If, however, we extract a transaction field, no transaction is evicted:
index=_internal sourcetype=splunkd_ui_access method=GET
| head 1
| rex field=other "-\\s(?<session_id>[^\\s]+)"
| transaction session_id startswith="GET"
| table _time closed_txn eventcount _raw
_time closed_txn eventcount _raw
2021-05-29 22:25:59.723 1 1 192.0.2.1 - admin [29/May/2021:17:25:59.723 -0400] "GET /en-US/splunkd/__raw/servicesNS/nobody/search/search/jobs/1622323559.762?output_mode=json&_=1622323362073 HTTP/1.1" 200 1591 "-" "Mozilla/5.0 (Windows NT 10.0; Win64; x64) AppleWebKit/537.36 (KHTML, like Gecko) Chrome/90.0.4430.212 Safari/537.36" - 2b9d0a154f394576ba8d947bd5ac1019 1ms
There could be an internal difference in the behavior of transaction eviction depending on the presence of transaction fields.
Inferring the behavior of the transaction command through experimentation is useful, but if keepevicted alters the behavior of the command beyond the documented explanation, I don't know if I'd consider it a defect in the code or an oversight in the documentation.
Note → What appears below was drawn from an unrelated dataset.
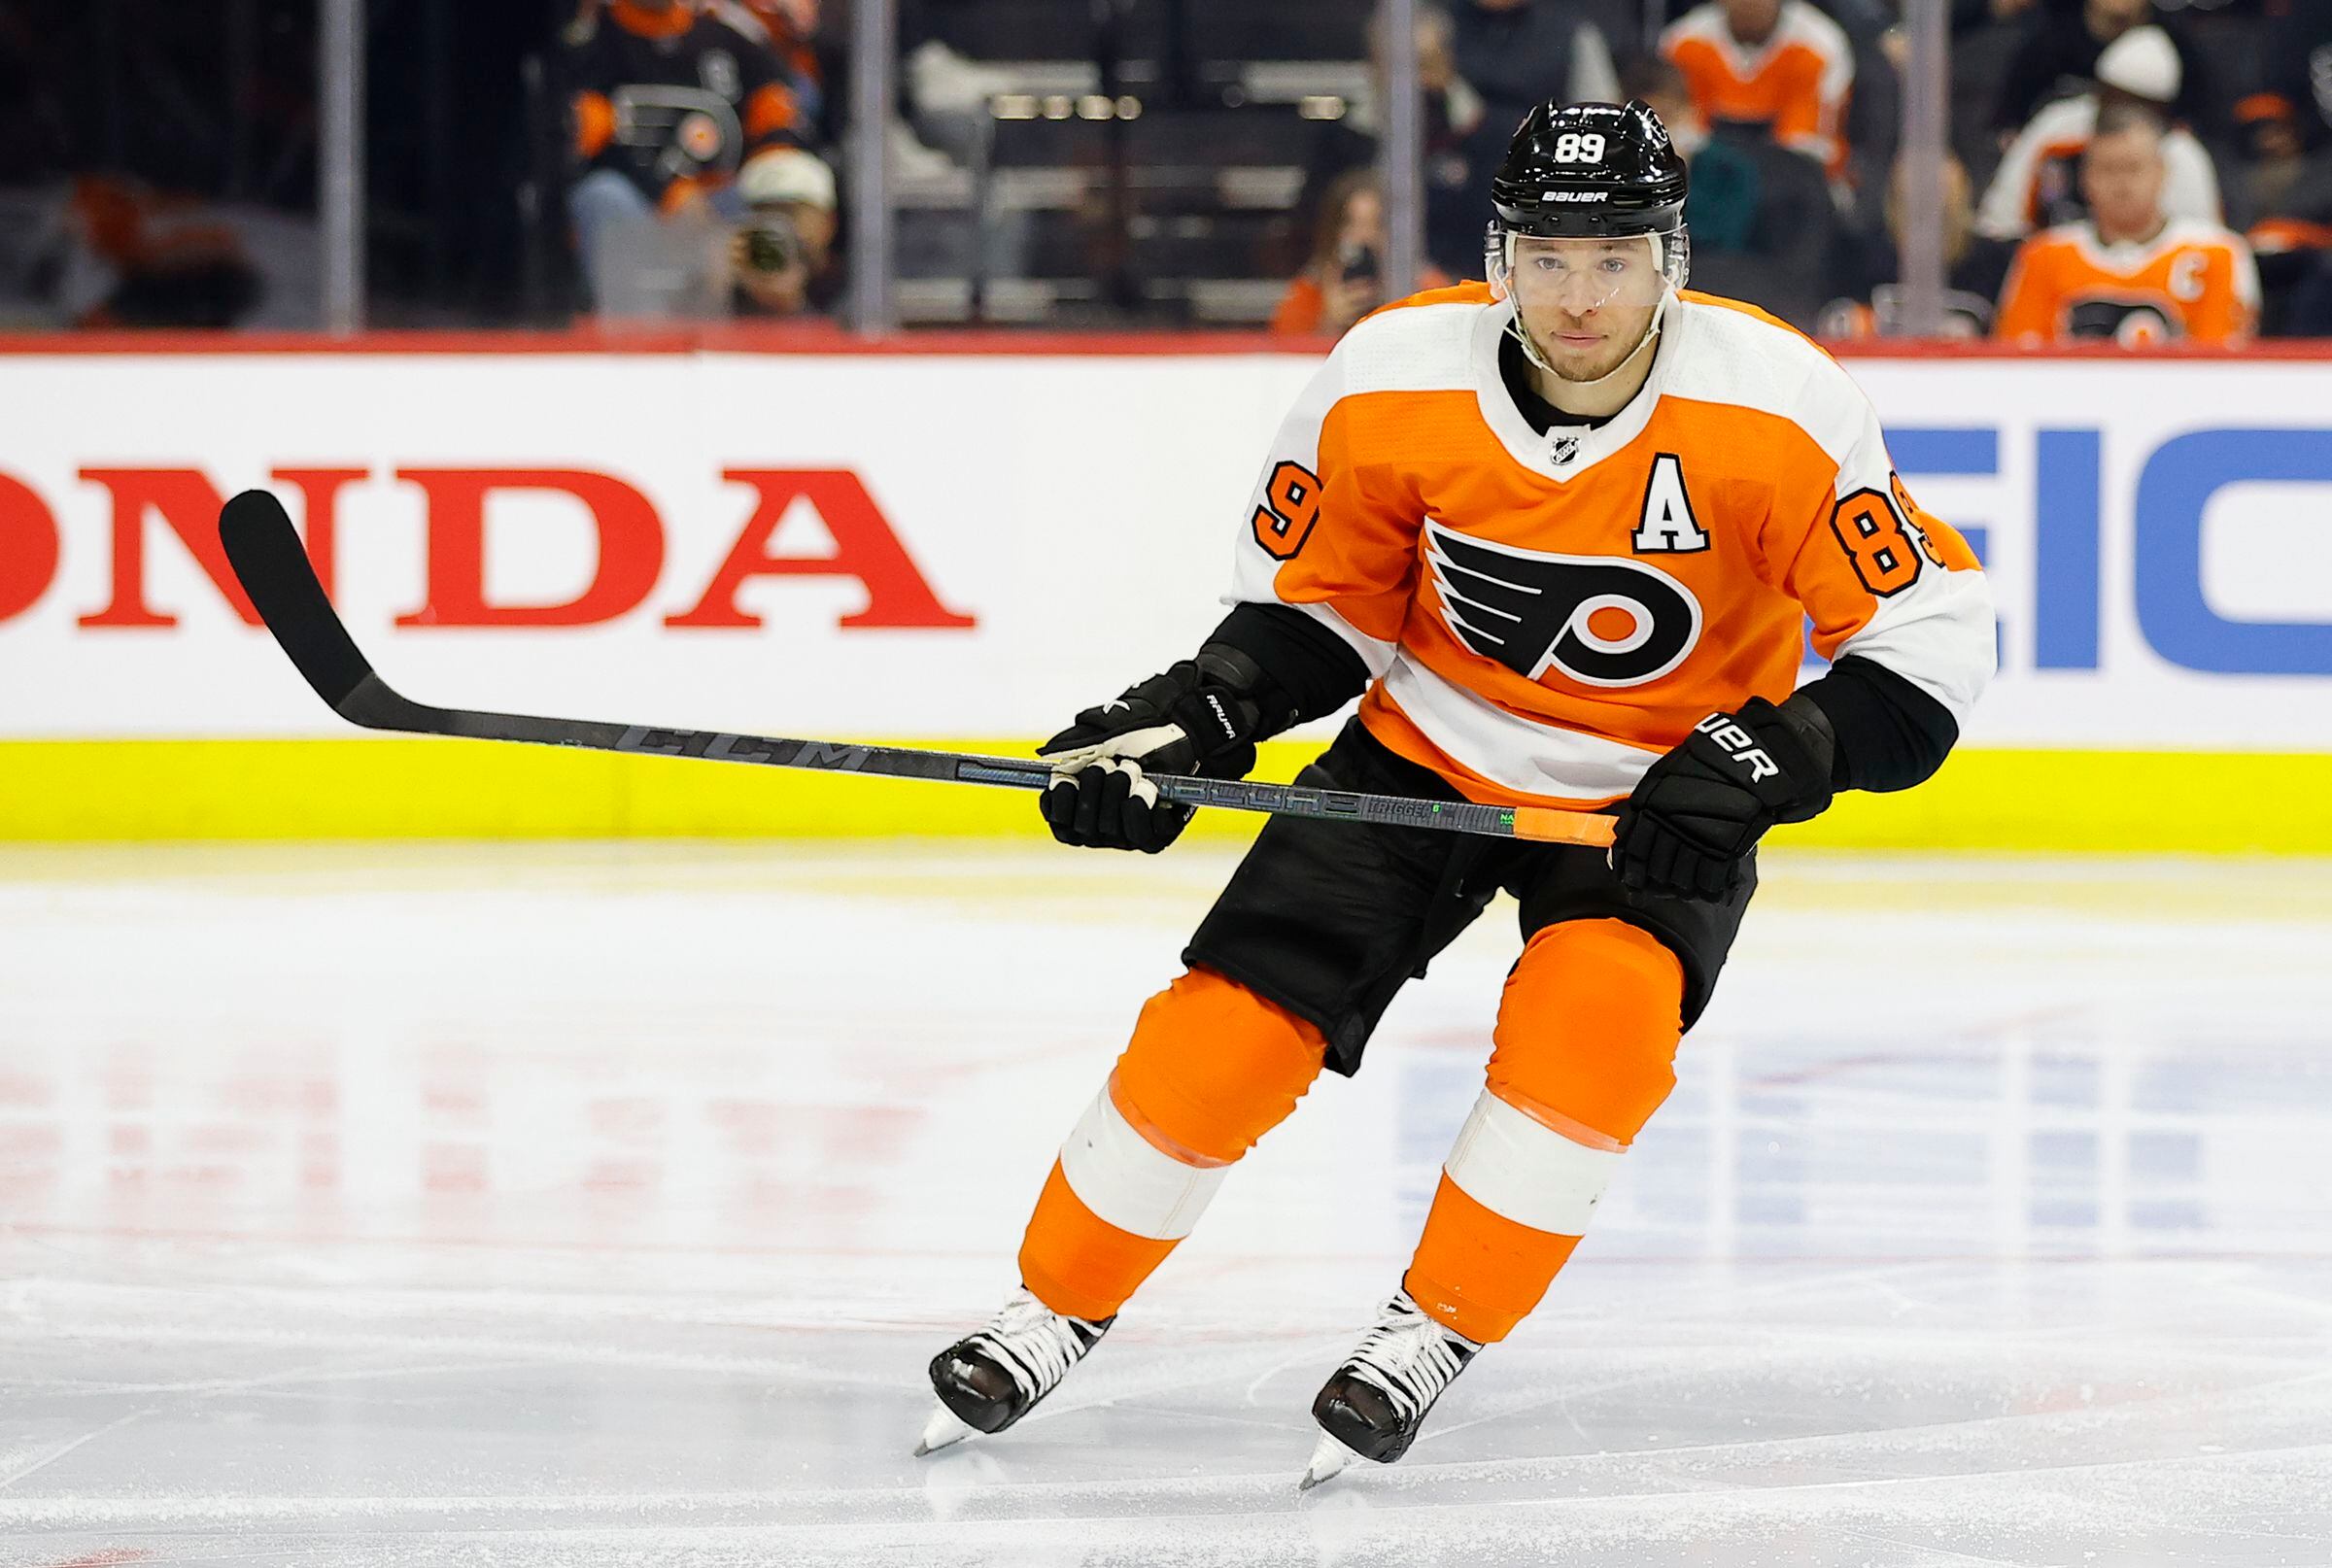 Couturier, Atkinson 'Ready to Go' for Upcoming Flyers Season

Splunk support is likely to argue the command is working as documented whether the value of closed_txn is consistent or not.
If you have the time, you could test across various earlier versions of Splunk looking for a version when keepevicted and closed_txn behaved consistently. In my experience, Splunk support doesn't provide that level of service, particularly for versions of Splunk that are no longer supported. If you have one, your account manager or sales engineer may be able to assist.